Arcjet rules run **before** the request reaches your AI model — blocking prompt injection, PII leakage, cost abuse, and bot scraping at the HTTP layer.

## Step 1: Ensure Arcjet Is Set Up

Check for an existing shared Arcjet client (see `/arcjet:protect-route` for full setup). If none exists, set one up first with `shield()` as the base rule. The user will need to register for an Arcjet account at https://app.arcjet.com then use the `ARCJET_KEY` in their environment variables.

## Step 2: Add AI Protection Rules

AI endpoints should combine these rules on the shared instance using `withRule()`:

### Prompt Injection Detection

Detects jailbreaks, role-play escapes, and instruction overrides.

- JS: `detectPromptInjection()` — pass user message via `detectPromptInjectionMessage` parameter at `protect()` time
- Python: `detect_prompt_injection()` — pass via `detect_prompt_injection_message` parameter

Blocks hostile prompts **before** they reach the model. This saves AI budget by rejecting attacks early.

### Sensitive Info / PII Blocking

Prevents personally identifiable information from entering model context.

- JS: `sensitiveInfo({ deny: ["EMAIL", "CREDIT_CARD_NUMBER", "PHONE_NUMBER", "IP_ADDRESS"] })`
- Python: `detect_sensitive_info(deny=[SensitiveInfoType.EMAIL, SensitiveInfoType.CREDIT_CARD_NUMBER, ...])`

Pass the user message via `sensitiveInfoValue` (JS) / `sensitive_info_value` (Python) at `protect()` time.

### Token Budget Rate Limiting

Use `tokenBucket()` / `token_bucket()` for AI endpoints — the `requested` parameter can be set proportional to actual model token usage, directly linking rate limiting to cost. It also allows short bursts while enforcing an average rate, which matches how users interact with chat interfaces.

Recommended starting configuration:

- `capacity`: 10 (max burst)
- `refillRate`: 5 tokens per interval
- `interval`: "10s"

Pass the `requested` parameter at `protect()` time to deduct tokens proportional to model cost.
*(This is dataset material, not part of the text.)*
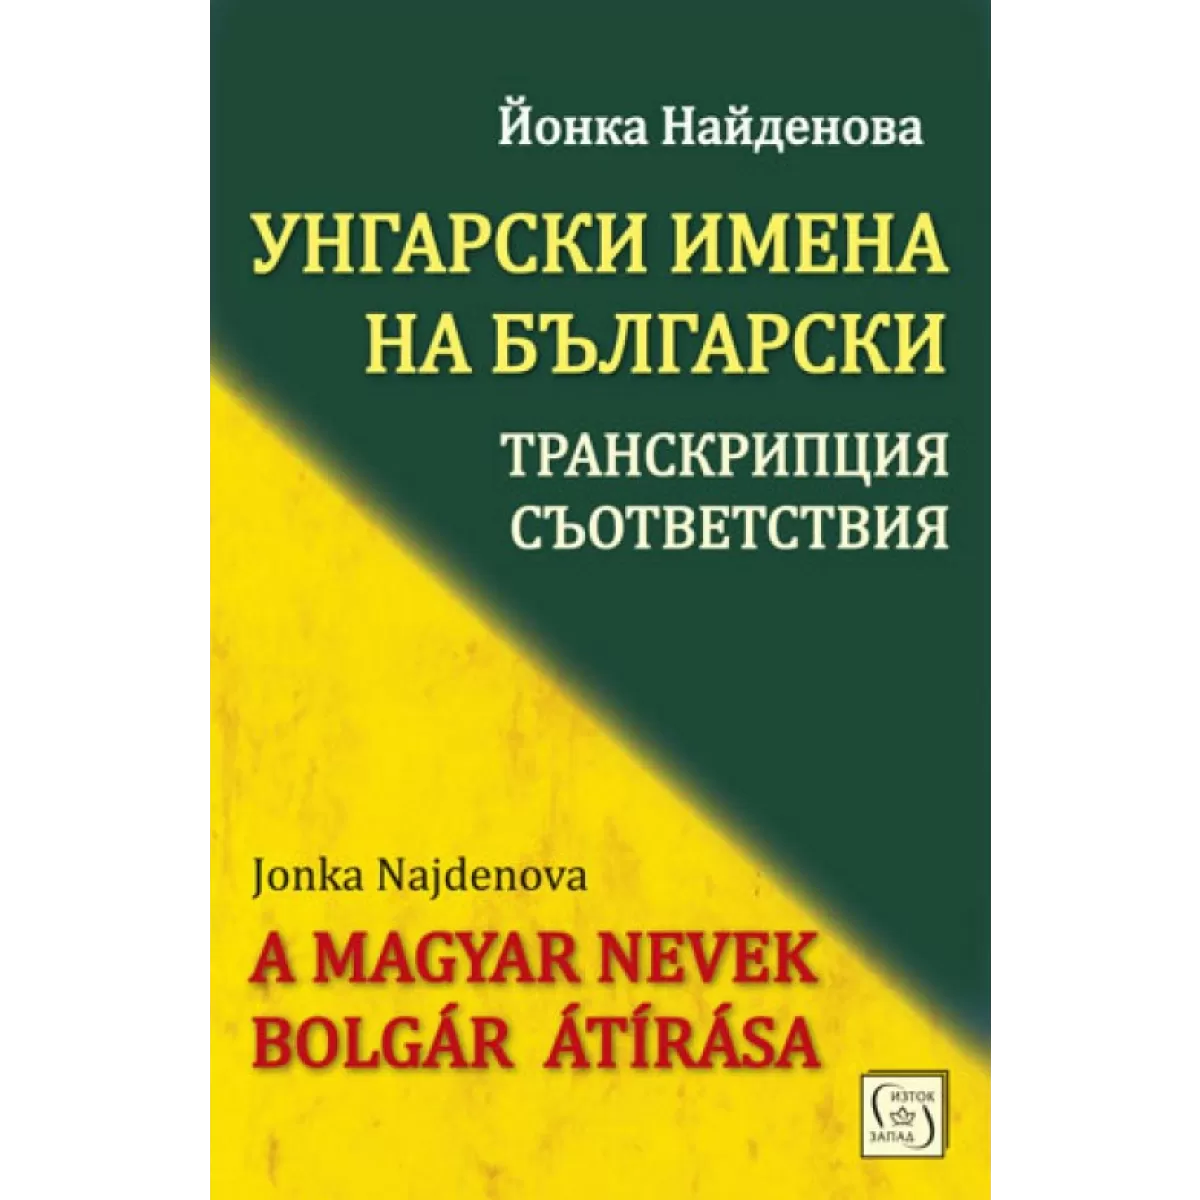 Унгарски имена на български: транскрипции, съответствия
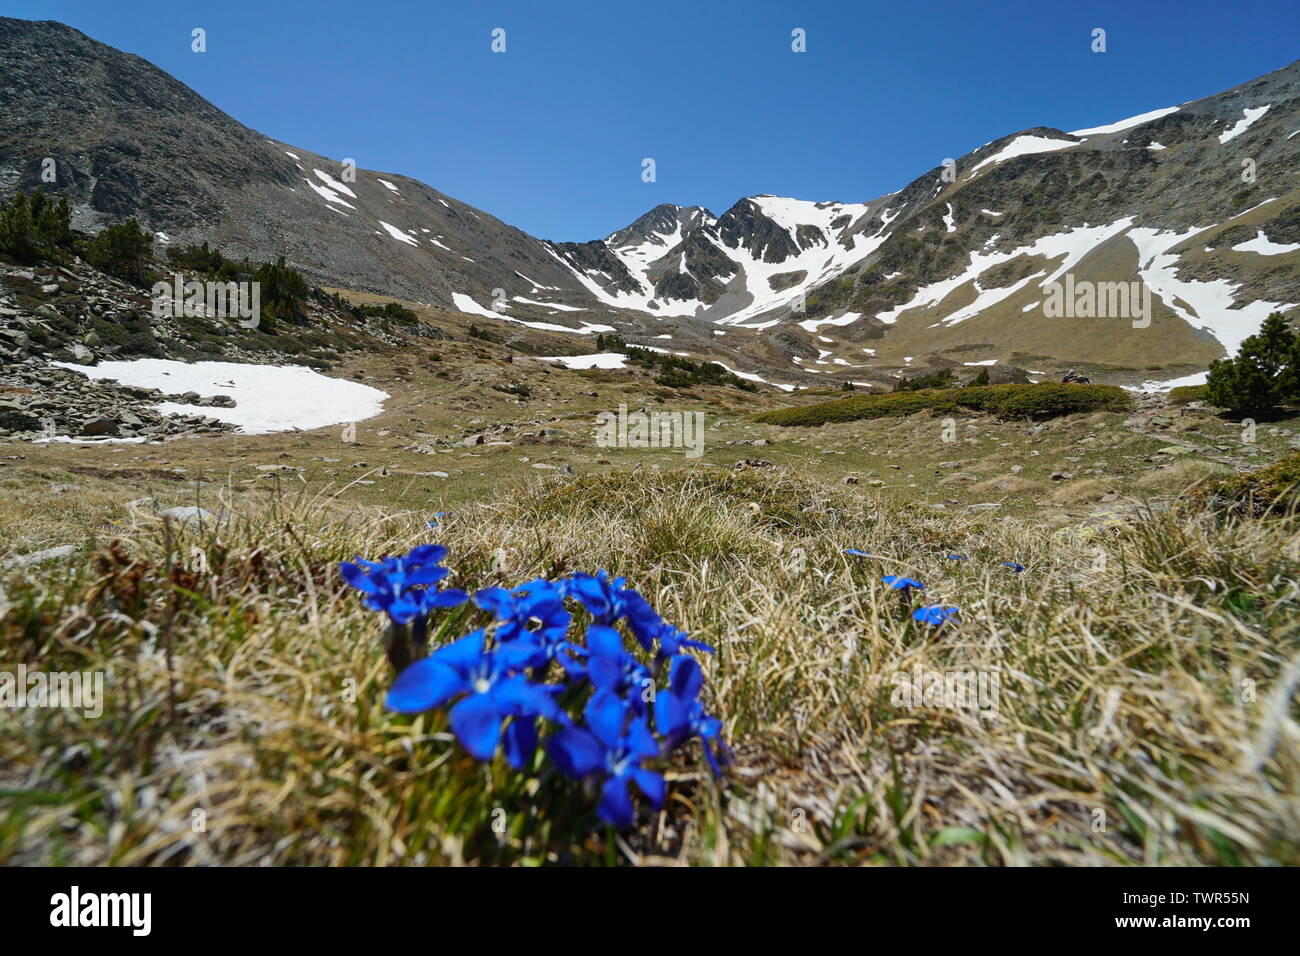 Paesaggio di montagna del massiccio del Carlit con fiori blu in primo piano, Francia, Pyrenees-Orientales, parco naturale dei Pirenei catalani Foto Stock

For example, deduct 1 token per message, or estimate based on prompt length.

Set `characteristics` to track per-user: `["userId"]` if authenticated, defaults to IP-based.

### Base Protection

Always include `shield()` (WAF) and `detectBot()` as base layers. Bots scraping AI endpoints are a common abuse vector. For endpoints accessed via browsers (e.g. chat interfaces), consider adding Arcjet advanced signals for client-side bot detection that catches sophisticated headless browsers. See https://docs.arcjet.com/bot-protection/advanced-signals for setup.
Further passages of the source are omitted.